A faithful copy of the data, pictures omitted, is the required answer.

━━━ COLLECTED MATERIAL ━━━

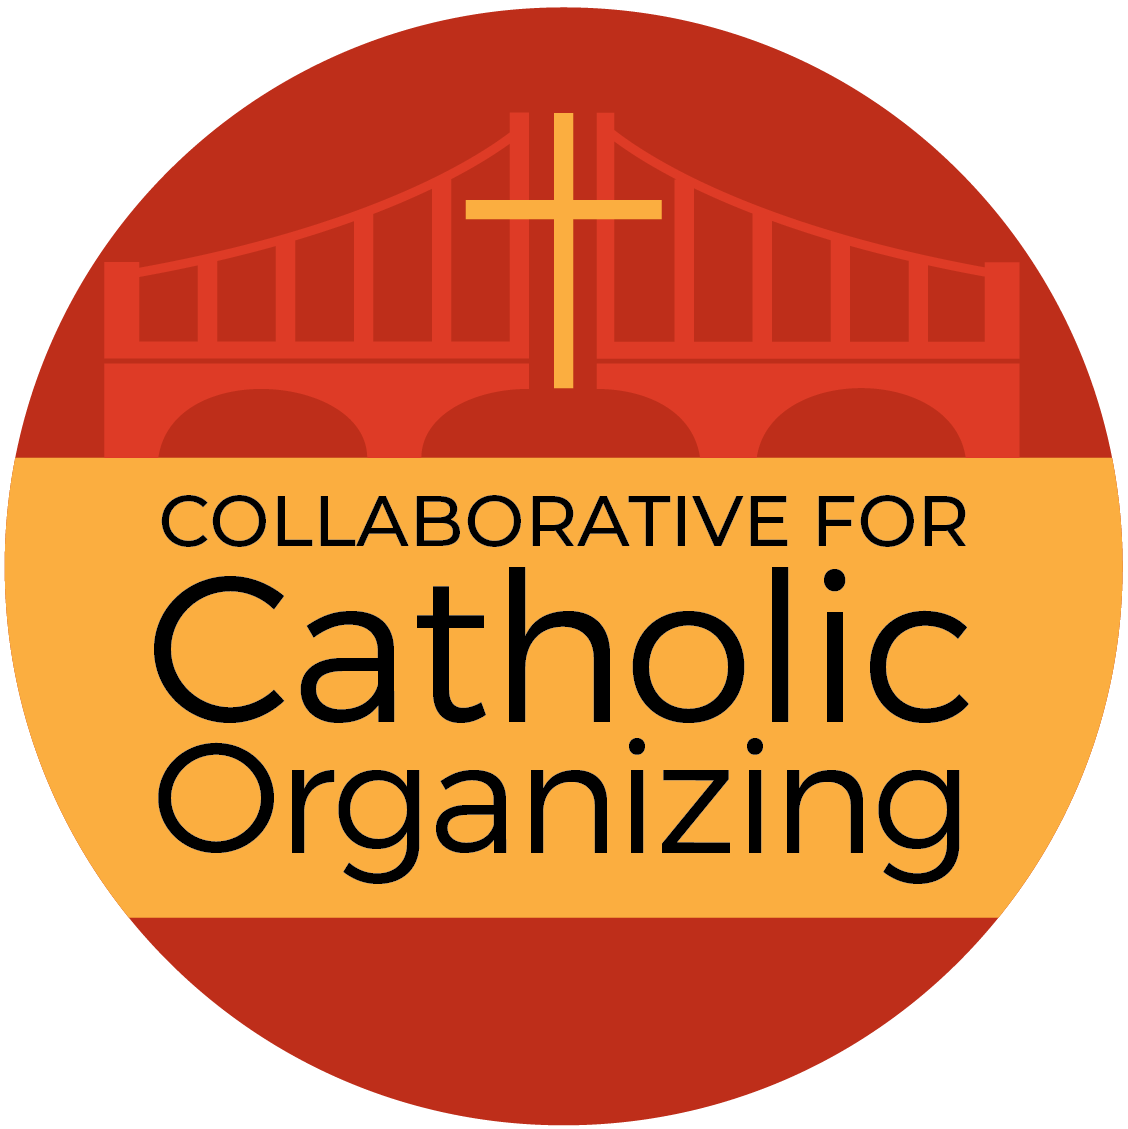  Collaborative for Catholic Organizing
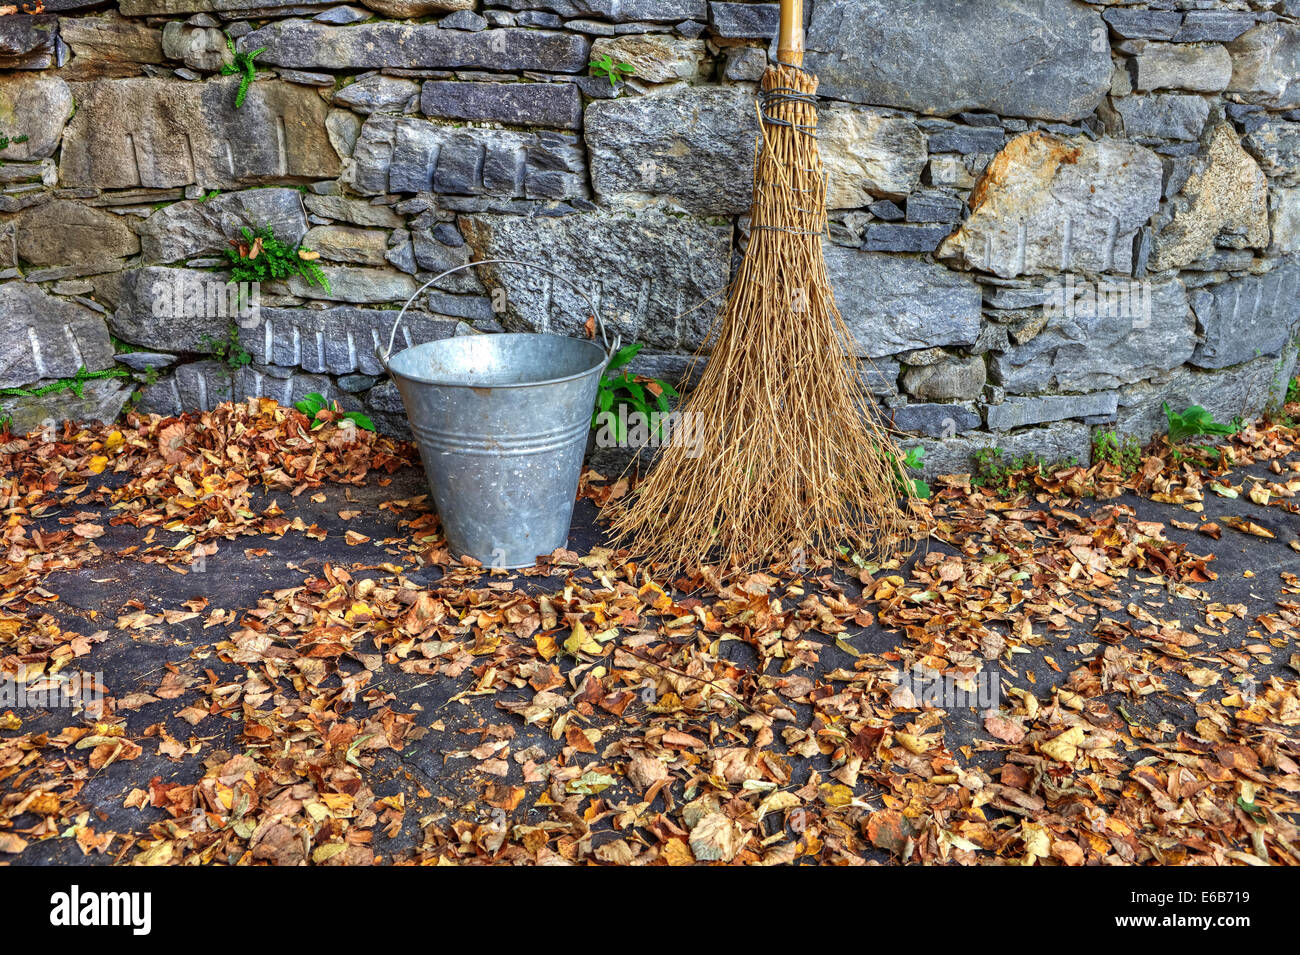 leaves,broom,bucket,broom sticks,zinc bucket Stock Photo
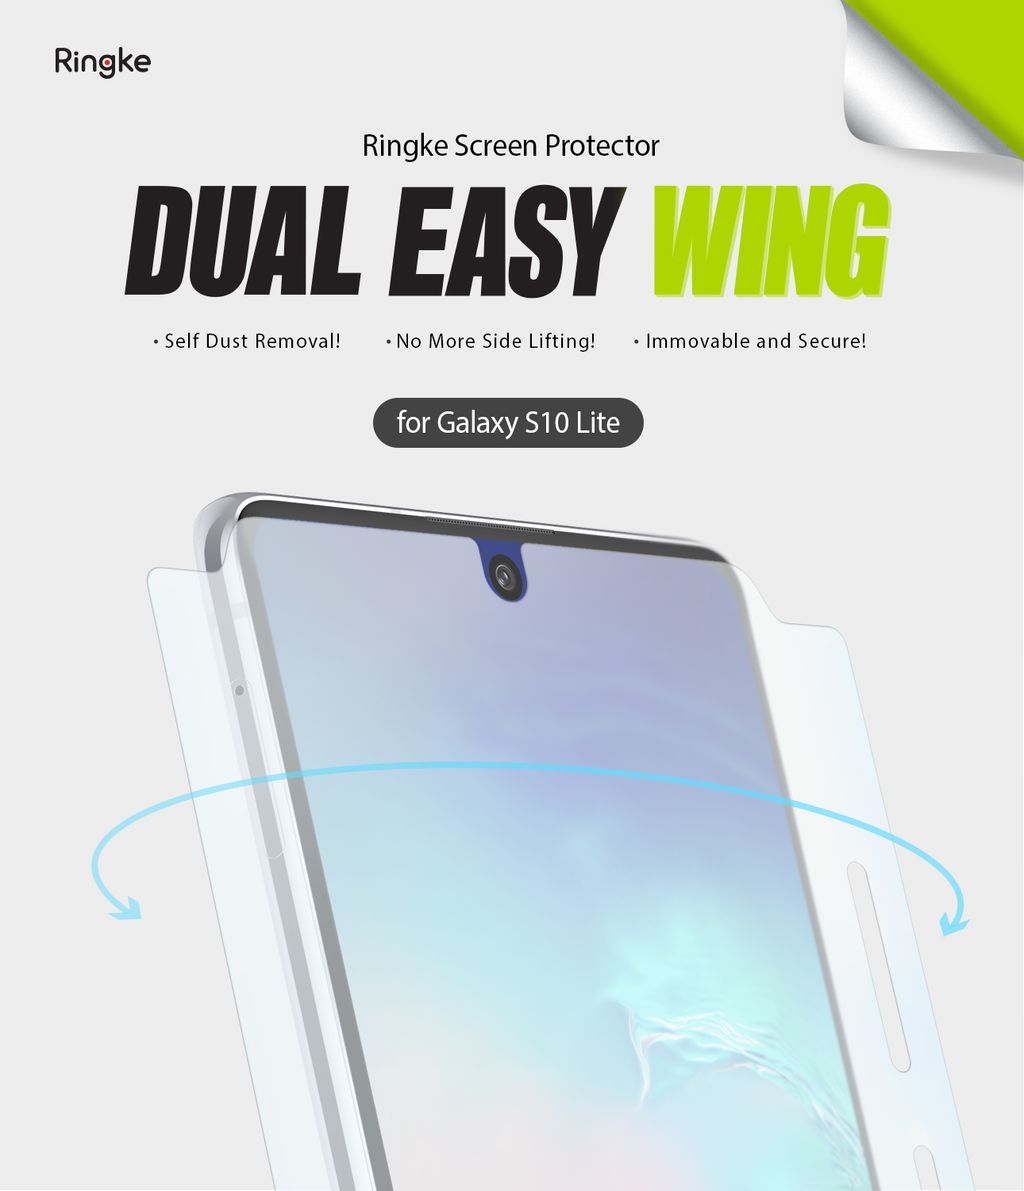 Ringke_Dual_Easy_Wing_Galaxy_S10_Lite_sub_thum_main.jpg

━━━

- REPLY TO THE EXERCISE:
  Collaborative for Catholic Organizing
 leaves,broom,bucket,broom sticks,zinc bucket Stock Photo
 Ringke_Dual_Easy_Wing_Galaxy_S10_Lite_sub_thum_main.jpg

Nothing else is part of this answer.